REQUIRED WORK>
Pictures excluded, output exactly the lines from the one containing "La portada del" through the last line of the listing below.
============
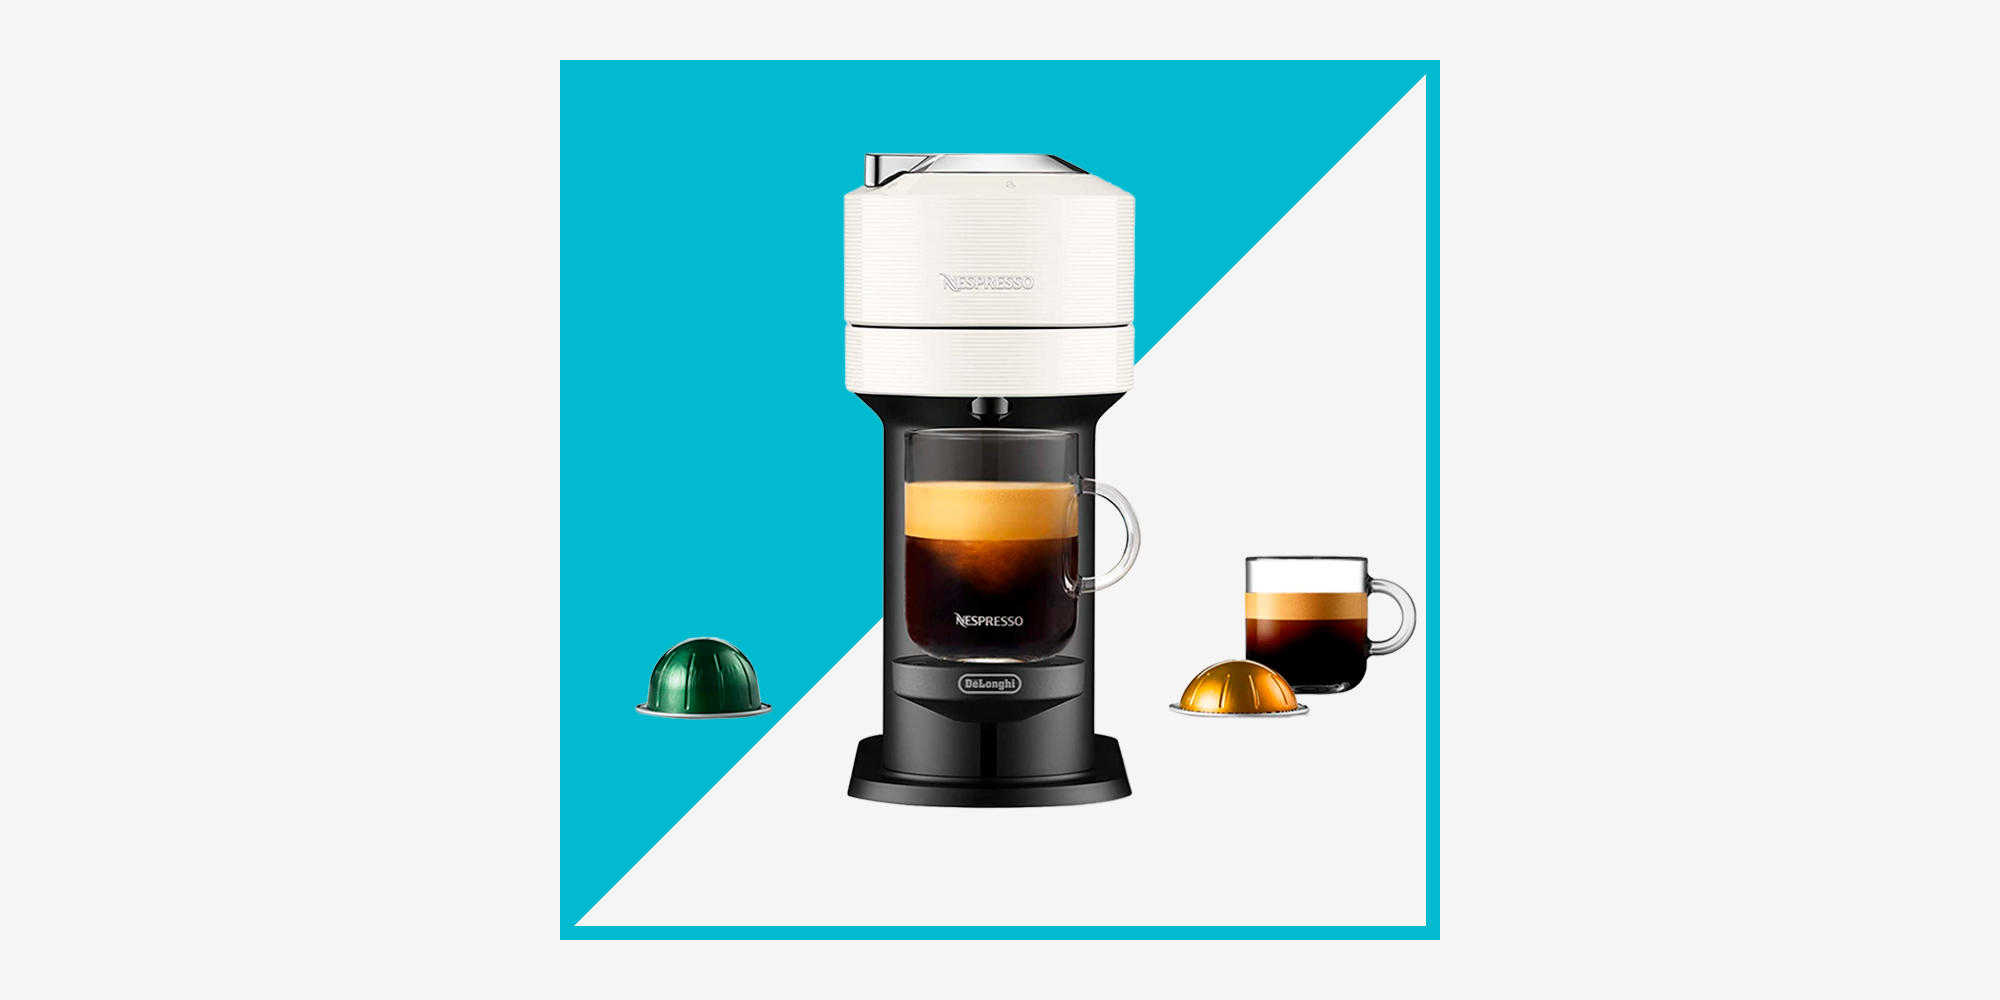 essence premier Getand Amazon's Selling a Nespresso Machine for Under $100
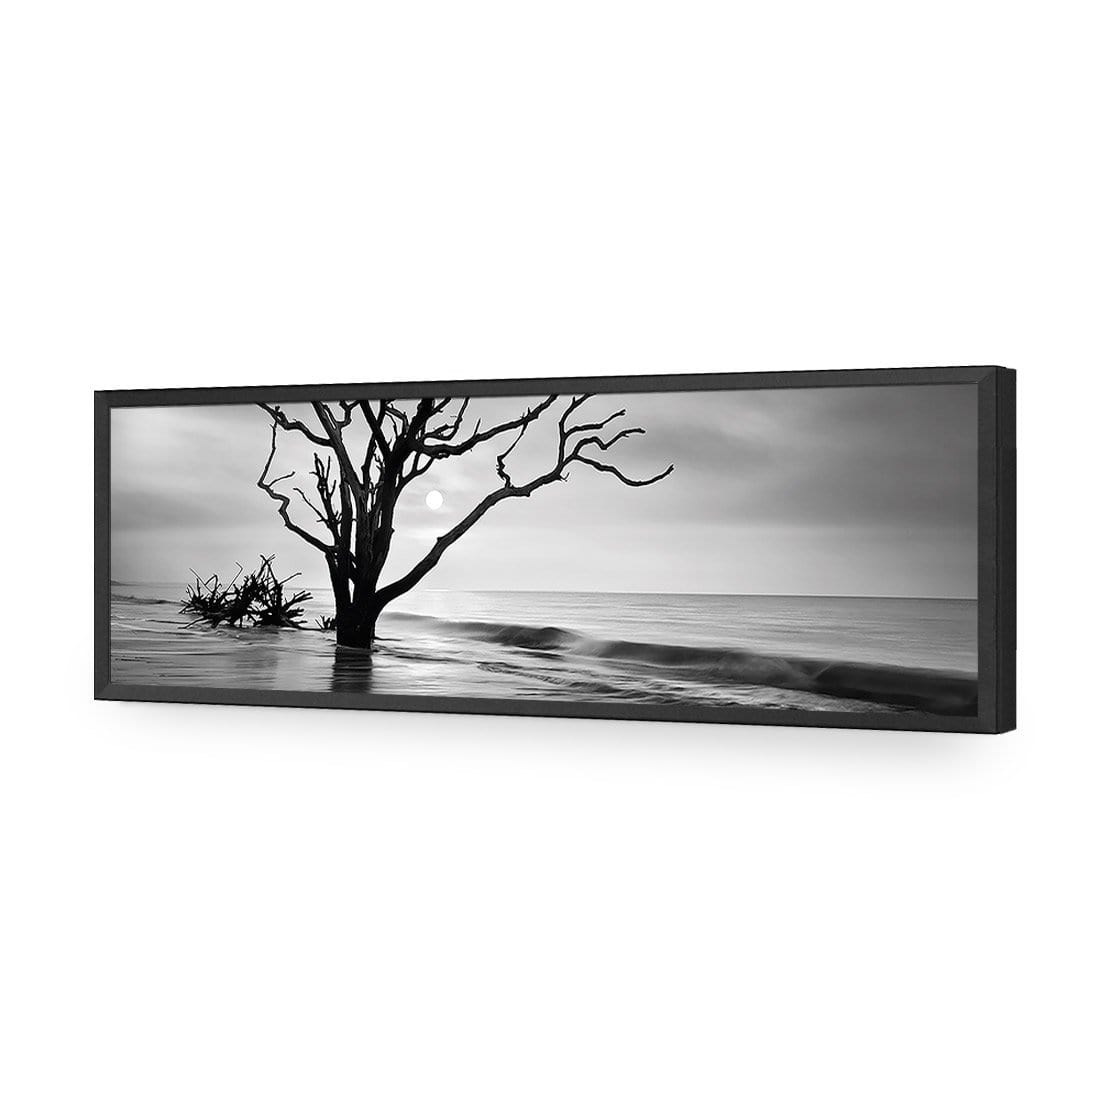 Botany Bay Sunrise, Black and White (Long) - wallart-australia - Acrylic Glass No Border
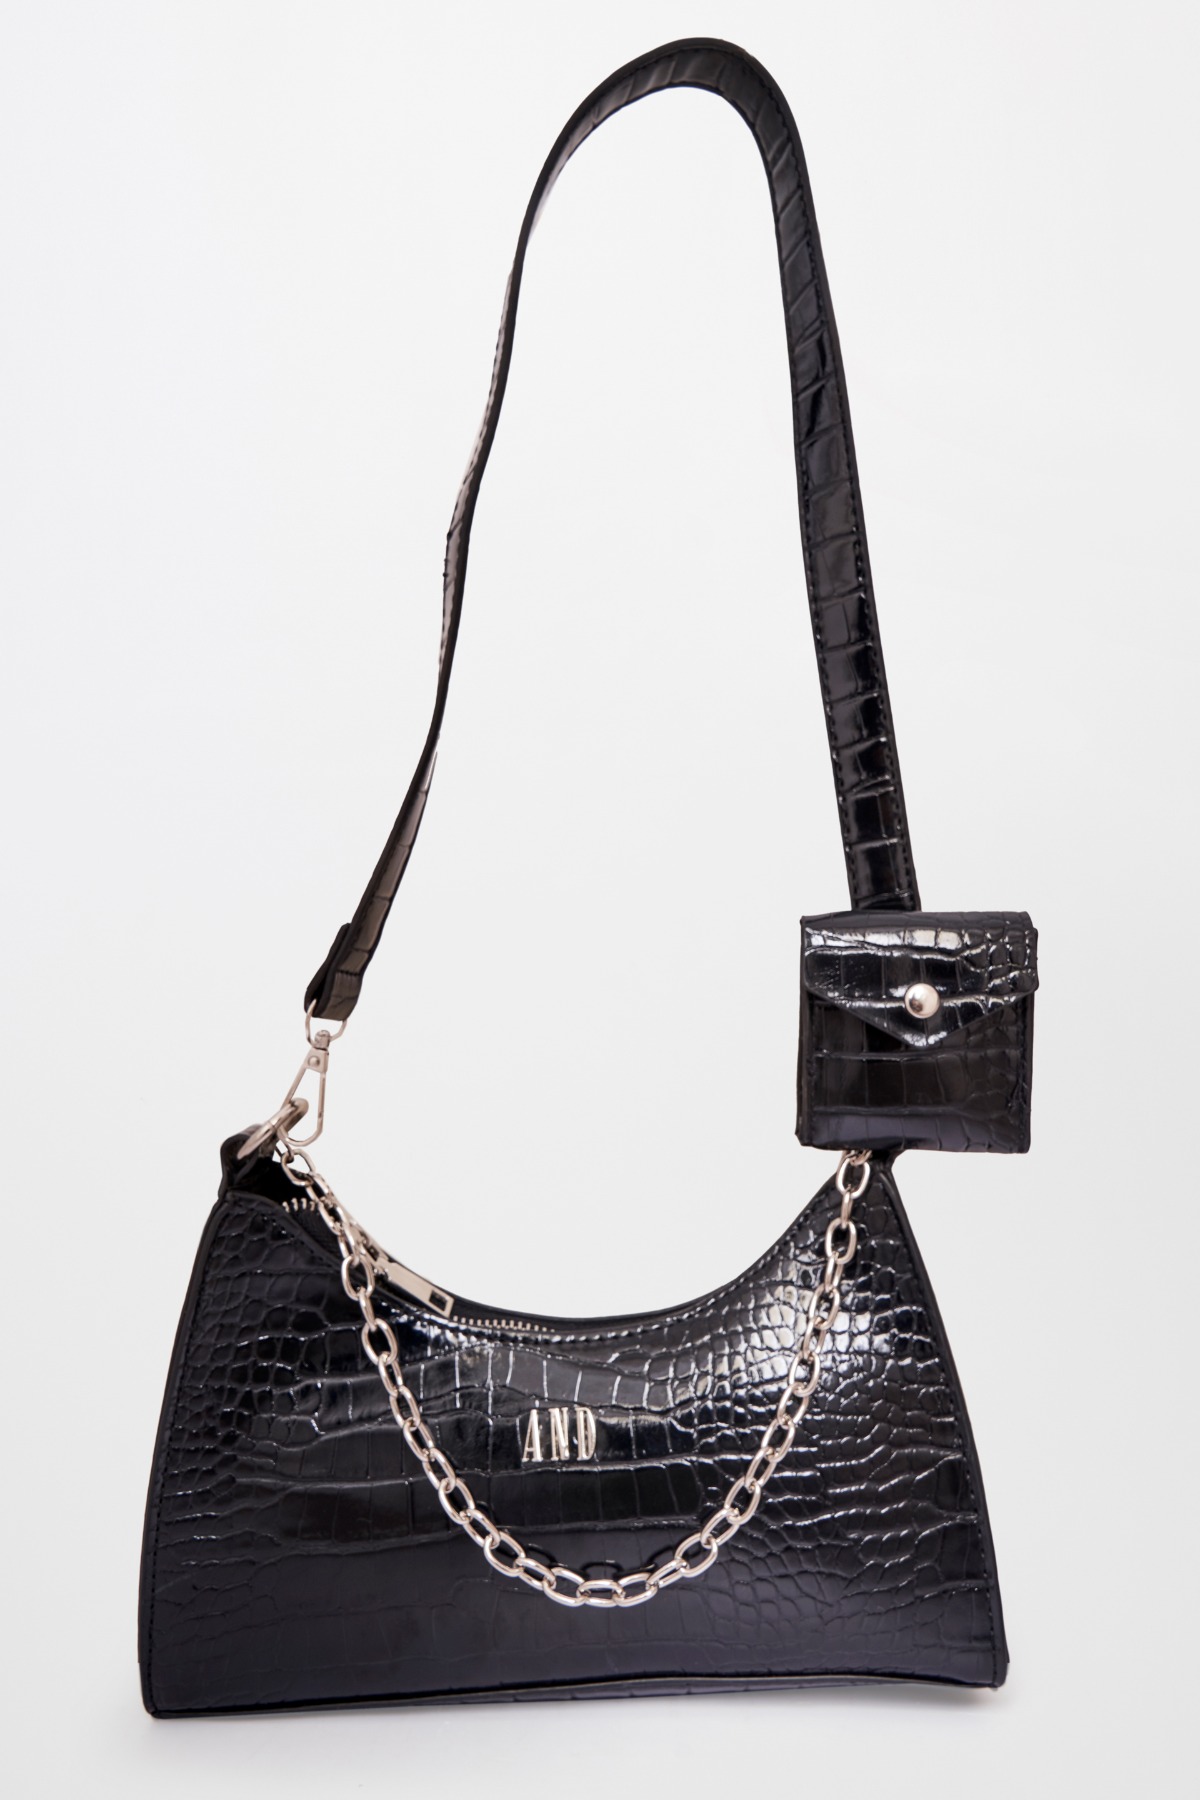 2 - Black Handbag, image 2
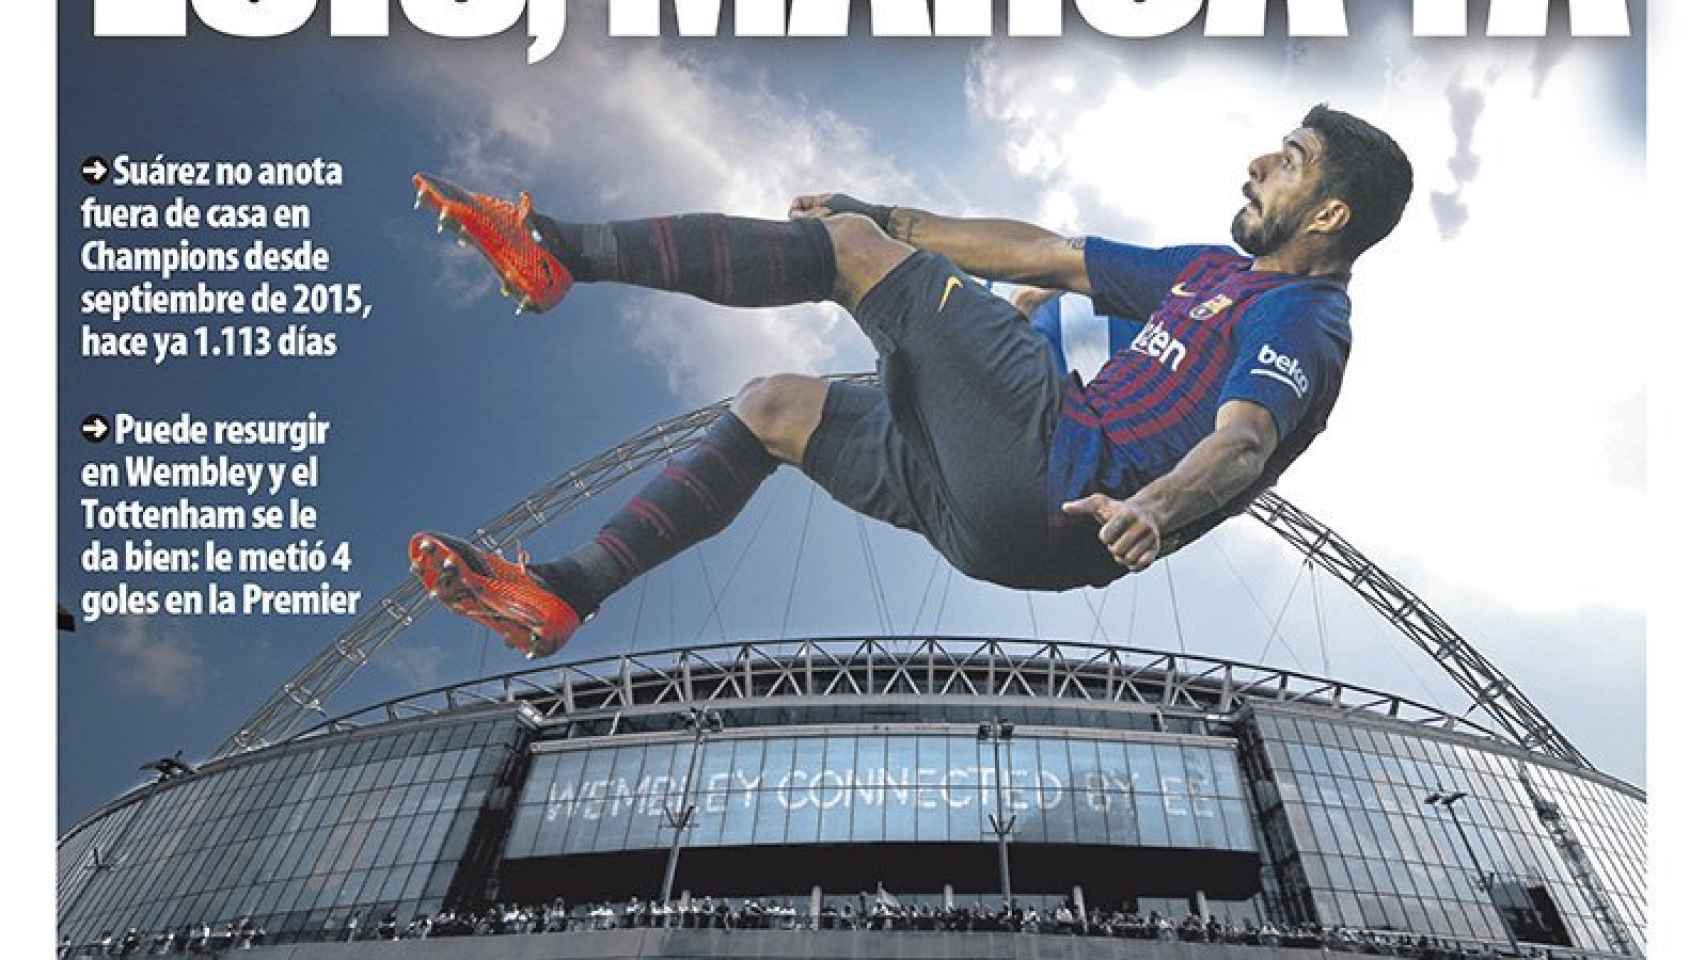 La portada del diario Mundo Deportivo (02/10/2018)1706 x 960
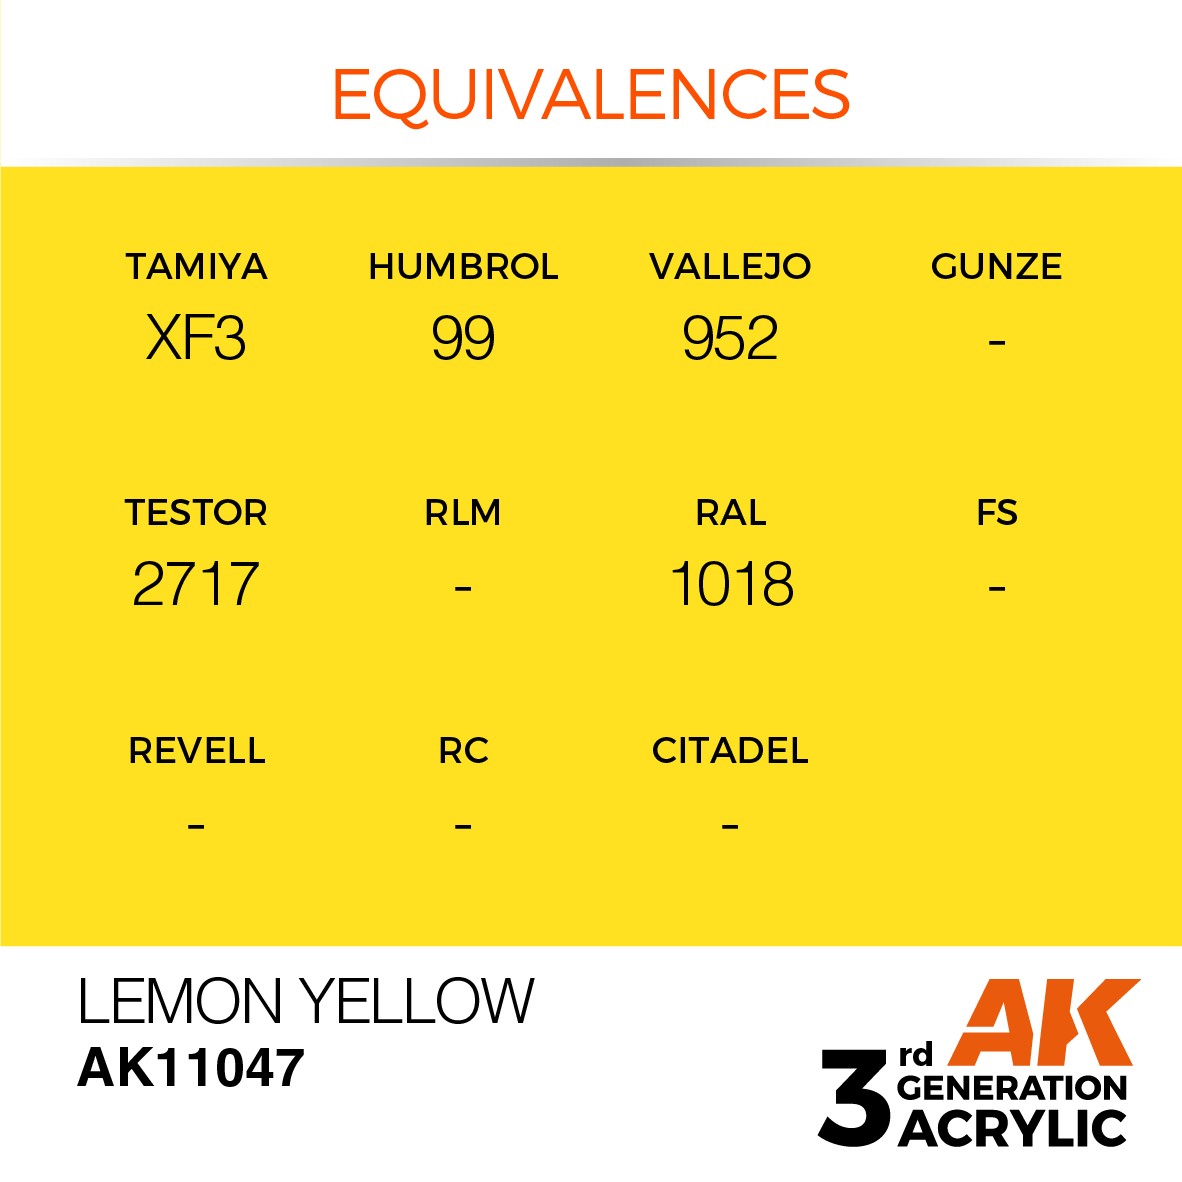 Lemon Yellow - Standard
============
RESPONSE>
 La portada del diario Mundo Deportivo (02/10/2018)1706 x 960
 Lemon Yellow - Standard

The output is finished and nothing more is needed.